Выбрать главу

На Овдотью-плющиху унялись морозы. Обрадовался Андрейка, снова товарищей заторопил. Принялись ватажники собираться в дорогу: одежду чинили, из лыка новые лапти плели, силками зайцев ловили, мясо вялили. А однажды подняли из берлоги медведя, насилу на рогатины взяли, топорами добили.

В конце апреля-пролетника тронулись в путь.

Царское воинство выступило из Белого города Москвы через южные и юго-западные ворота и под колокольный звон двинулось на Малоярославец.

Размешивая сапогами едва подсохшую грязь, шли стрелецкие полки, с песнями шагали ратники из посошных крестьян, чавкала грязь под дворянской конницей. Заключала колонну артиллерия: можжиры, тюфяки и иные пушки, фуры с пороховым зельем и ядрами. А через юго-восточные ворота двигался обоз, груженный съестными припасами и фуражом.

Вел полки брат царя князь Дмитрий Иванович Шуйский. Велено ему было идти к Волхову, куда всю зиму стягивалось московское воинство. Князь Дмитрий имел царский указ разгромить засевшего в Орле самозванца, который, оставив за спиной Брянск и Карачев, готовился овладеть заокскими городками и открыть дорогу на Москву. В Волхове Шуйский должен был сменить князя Куракина. В том, что он, Шуйский, одолеет самозванца, князь Дмитрий не сомневался: под его рукой лучшие московские полки, а у вора всякий сброд, скопище разбойное.

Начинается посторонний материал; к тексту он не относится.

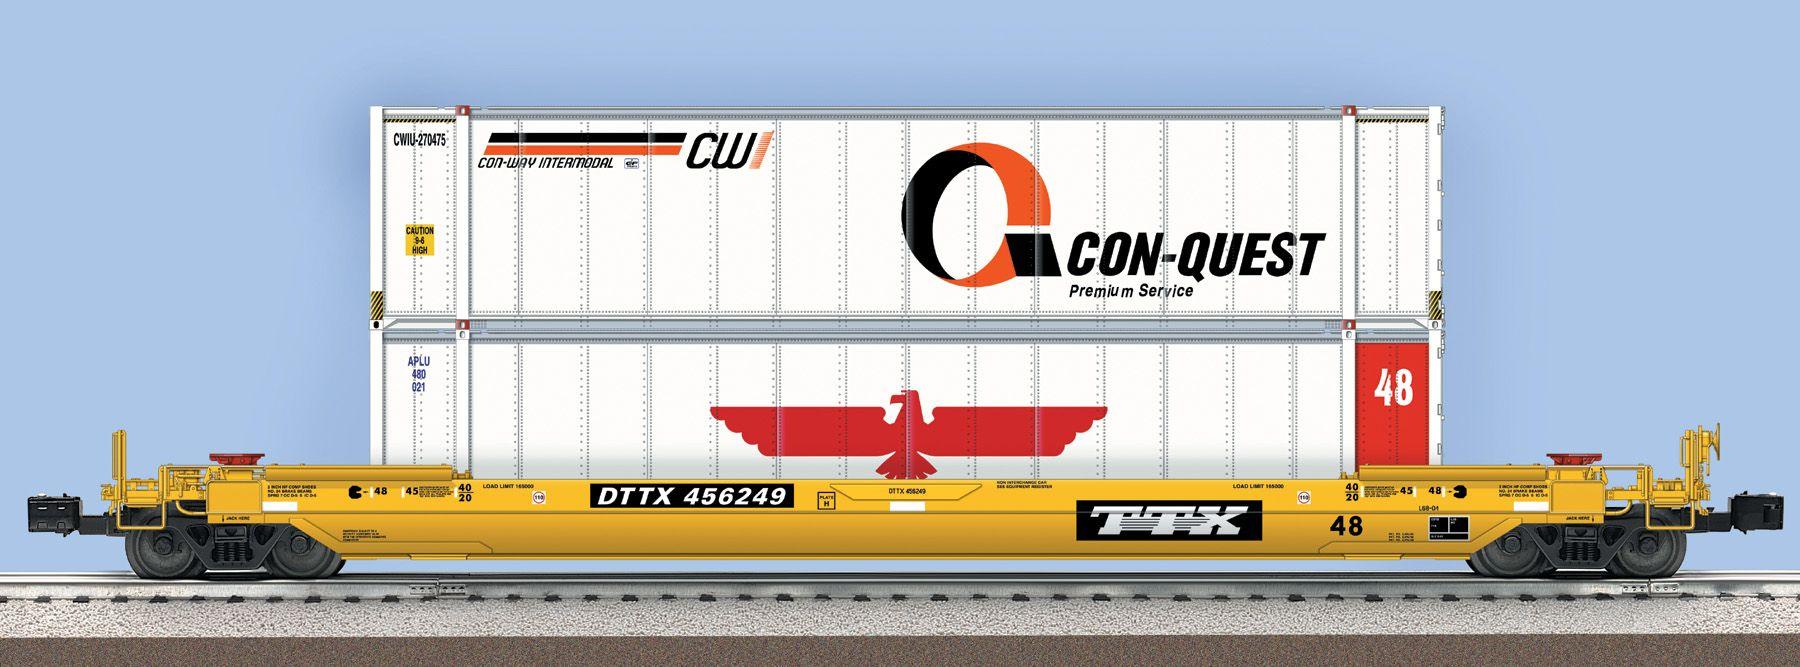 TTX Railcar Logo - Freight Car Friday

После Малоярославца воевода Шуйский намеревался послать к самозванцу гонца с требованием сдаться на царскую милость. Князь Шуйский доставит Лжедмитрия в Москву, проведет в цепях по улицам как вора и заводчика: пускай государь самолично решит, какой казни тот достоин. А панам вельможным велит в Речь Посполитую ворочаться, иных же в Ярославль отправит, где уже содержится Маринка Мнишек. Если кто из них не уймется и воровством помышлять станет, тех казнить. Чего от них ждать? Вон кое-кого из вельможных более года под караулом держат…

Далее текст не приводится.